Palestinian Pastor Speaks of Joys and Struggles
Rev. Mitri Raheb had only been serving as pastor of the Evangelical Lutheran Christmas Church in Bethlehem for a few months when the first Intifada broke out between Israelis and Palestinians.
The violent uprising, which started in 1987 and lasted until 1991, was especially intense in downtown Bethlehem, right outside his church, Raheb said at the January Series 2016 on Tuesday.
“I was a young pastor and not prepared for such a situation. It was hard for me to preach on Sunday because the shooting was so loud,” said Raheb, president of a group known as the Bright Stars of Bethlehem.
Raheb used his presentation, titled “A Tough Calling: The Joys and Struggles of Pastoring in Palestine,” to sketch the challenges of ministry at the church that, as it turns out, he attended as a youth.
He also talked about the accomplishments he has been able to bring about with the help of God over the years.
Early on in his ministry, he said, he had to realize that all he had learned in seminary and graduate school in Germany didn’t really prepare him to be pastor at this church, where worship has been occurring since the 1890s.
“I had to start asking myself ‘what are the needs of the people? What matters to them? How can you preach the Good News when people wake up every day to bad news?’”
Raheb, who is author of several books and serves as president of the Synod of the Evangelical Lutheran Church in Jordan and the Holy Land, realized at the time he needed to find ways to bring the church out from within its walls and begin serving the needs of the community. Only then, by engaging their city and its people, could they grow in faith.
“I thought people in the church would be thrilled when I spoke to them about this, but not all of them were. I was asking them to change the core ministry of the church,” he said.
But he was eventually able to convince church members to expand their outreach, especially in developing ministries for youth and for women.
In the first several years, he said, they continued to grow as organizations helped to fund their work. Meanwhile, the city of Bethlehem was expanding as investment poured in and hope for the future started to thrive.
“Promise was in the air in 1999 that peace would finally come and we would see the formation of a Palestinian state,” he said.
But then the second Intifada broke out. This time young people, many of whom had been armed only with bricks and sticks before, had guns.The Israelis hit back hard and moved into Bethlehem with troops and tanks.

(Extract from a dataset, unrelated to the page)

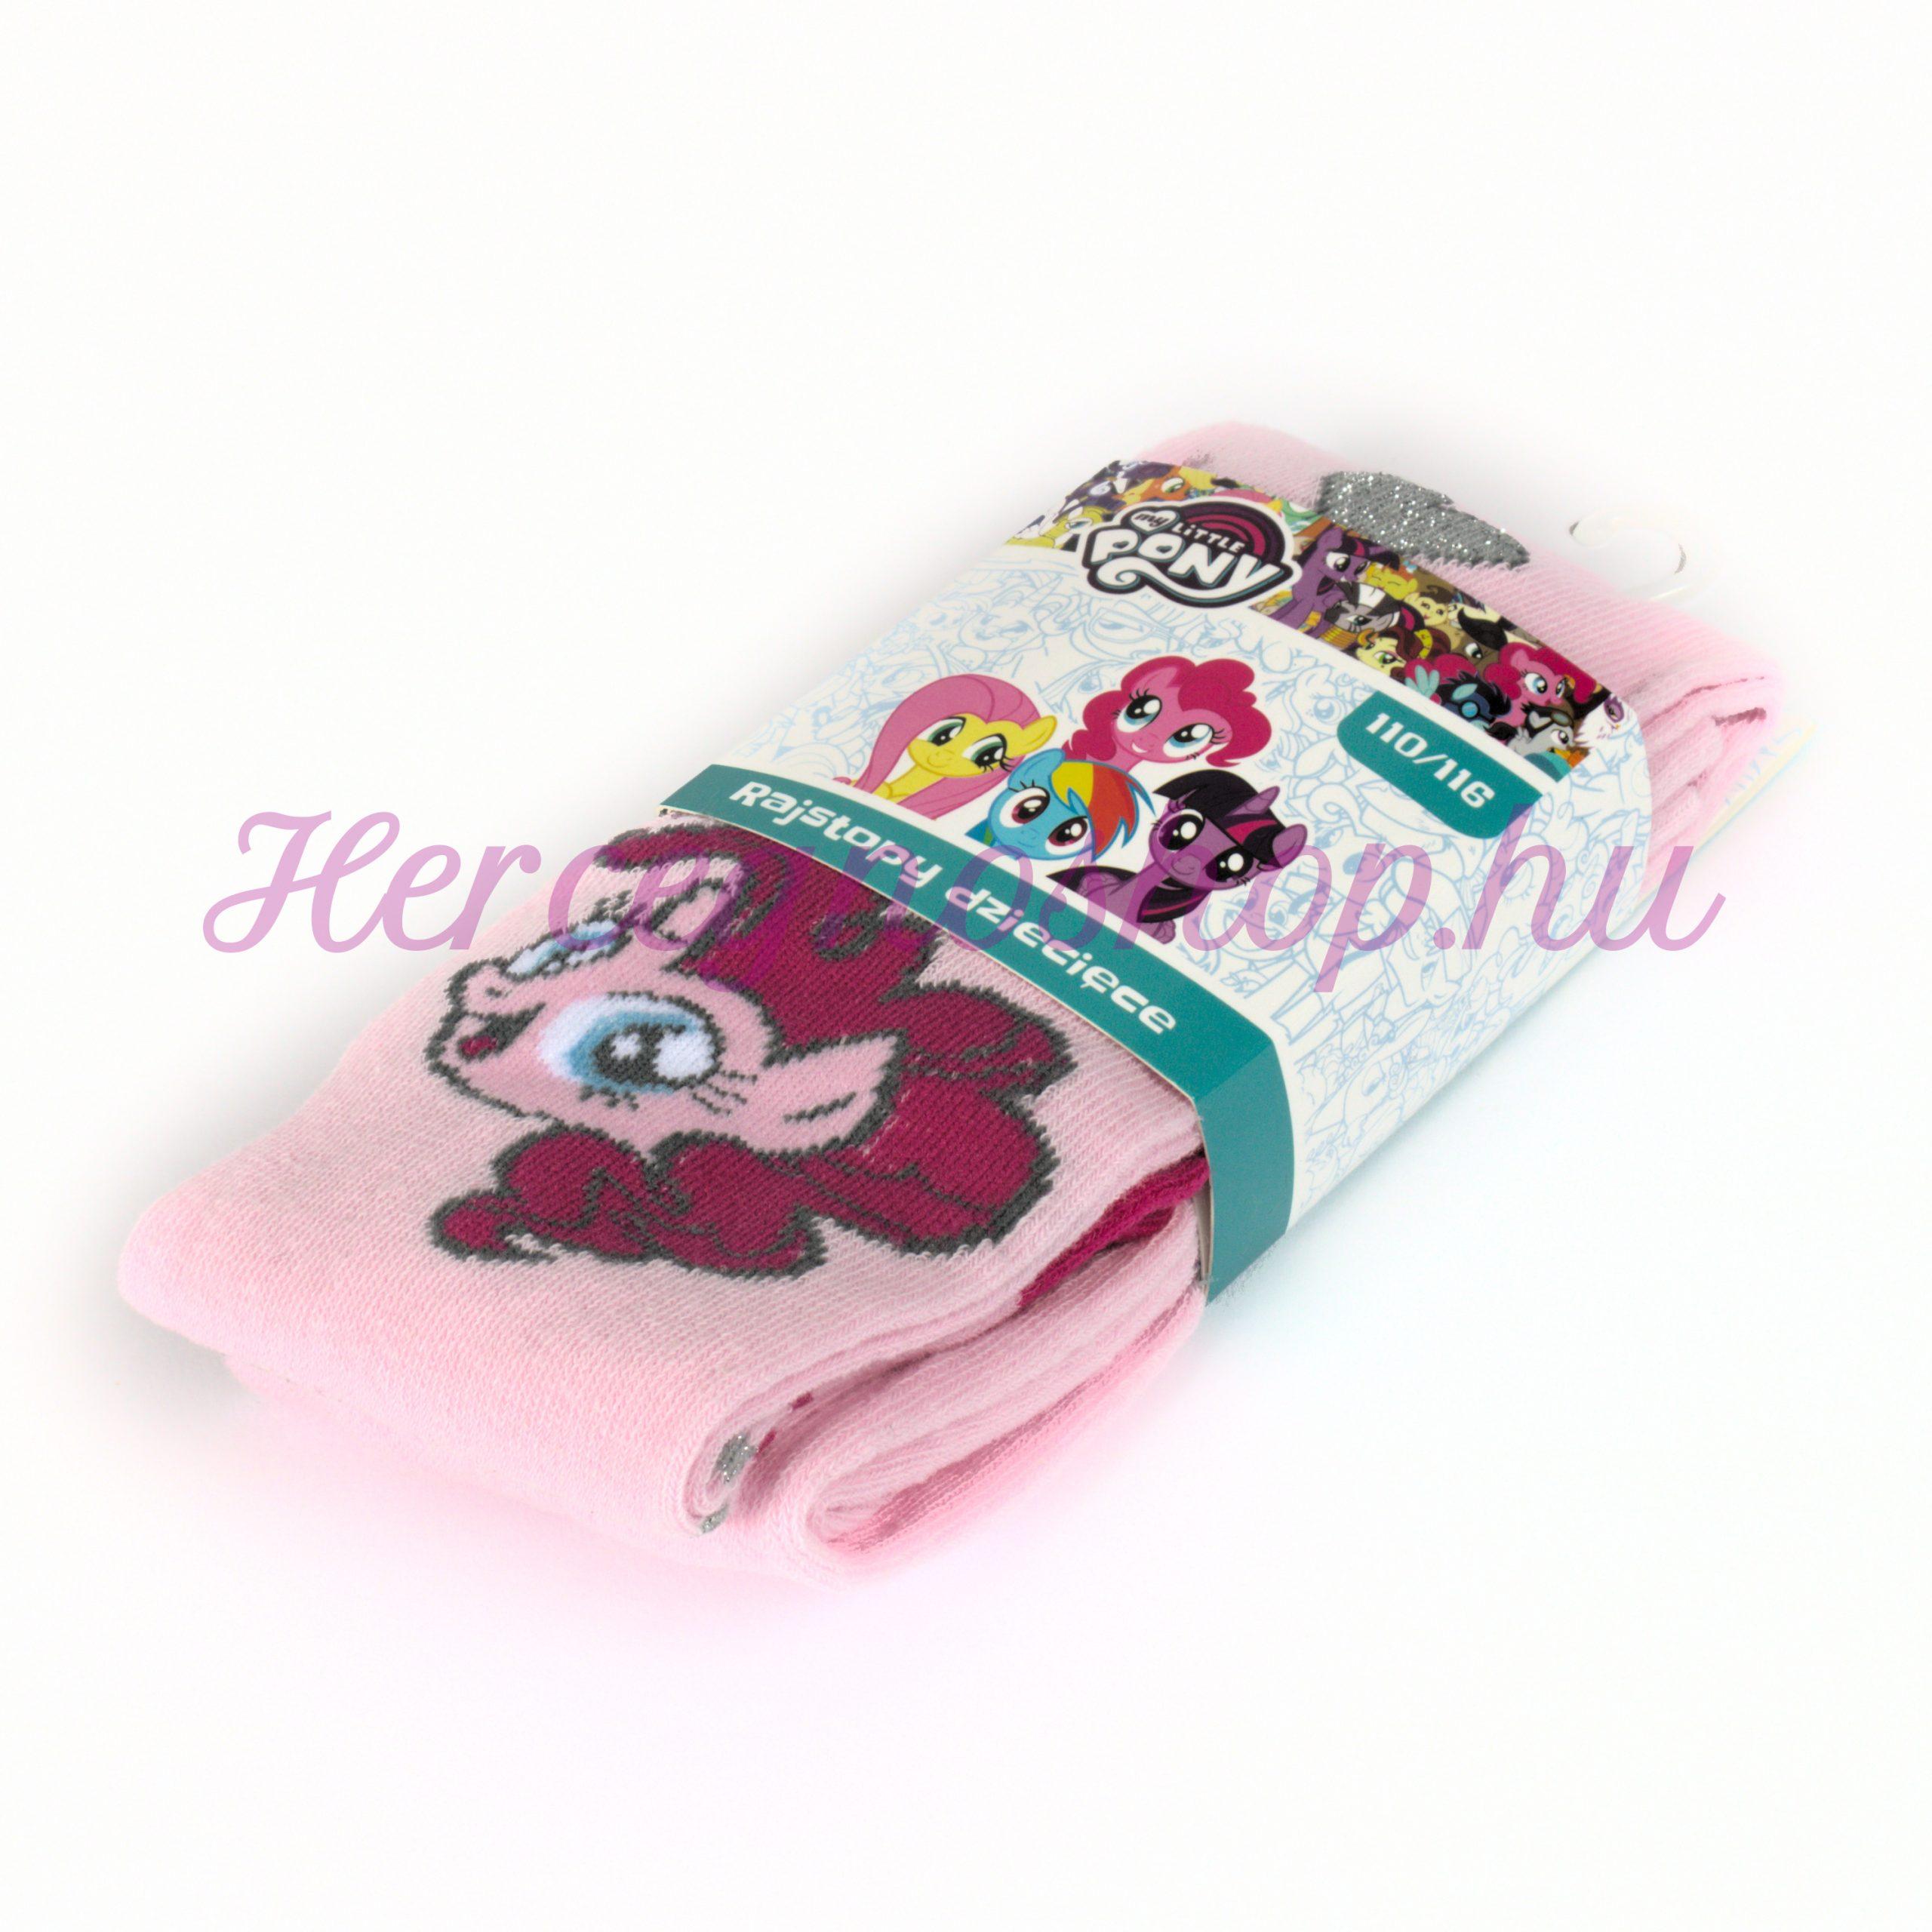 Én kicsi pónim harisny – Pinkie Pie (My little pony)

Tanks parked right outside the church and began shelling, destroying much of the area and beginning a siege of some 40 days, said Raheb. When it was over, much of Bethlehem lay in ruins.
But, he said, church members didn’t fall into despair. Women from the church began combing the city for broken pieces of glass, which weren’t hard to find, and started making angels that they sent to people around the world, said Raheb.
“We created angels telling our story of hope born in a place of hopelessness,” said Raheb, who this weekend will be given the Olaf Palme Prize at a ceremony in Stockholm for his efforts in peacemaking.
“Even though all of the work we had done over five years was destroyed in the Intifada, we made it clear that we were in Bethlehem to stay,” he said.
”Out of our broken hopes, we put healing in the hand of Christ to make something whole out of it.”
In fact, out of that time came the vision to build the Dar al-Kalima University College of Arts and Culture that today offers artistic education in film, art, and drama to serve the needs of young people throughout the region.
The school was built on a hill on land owned by the church. “The land had been confiscated, but we were able to get back six acres” said Raheb.
Even though Bethlehem today is surrounded by 20-foot-tall walls and 85 percent of the land is being used by Israeli settlers, the school seeks to encourage students to be constructive and become peacemakers through their creative efforts, said Raheb.
“We now have four buildings and the fifth building, the library, is going up,” he said. “Our college has become the city on the hill. About 75 percent of our students are Muslims and 25 percent are Christians.”
When Raheb first came to the Evangelical Lutheran Christmas Church, he thought he would only stay a short time.
But now it is nearly 30 years later. Although there have been many struggles, he is grateful for the chance to serve in the town where, as a well-known Christmas carol says, the “hopes and fears of all the years are met in thee [Christ] tonight.”
“This is the place where the human met the divine, where the divine Word became flesh,” he said. “There have been some very tough moments in my ministry and yet there have been times of joy I wouldn’t want to miss.”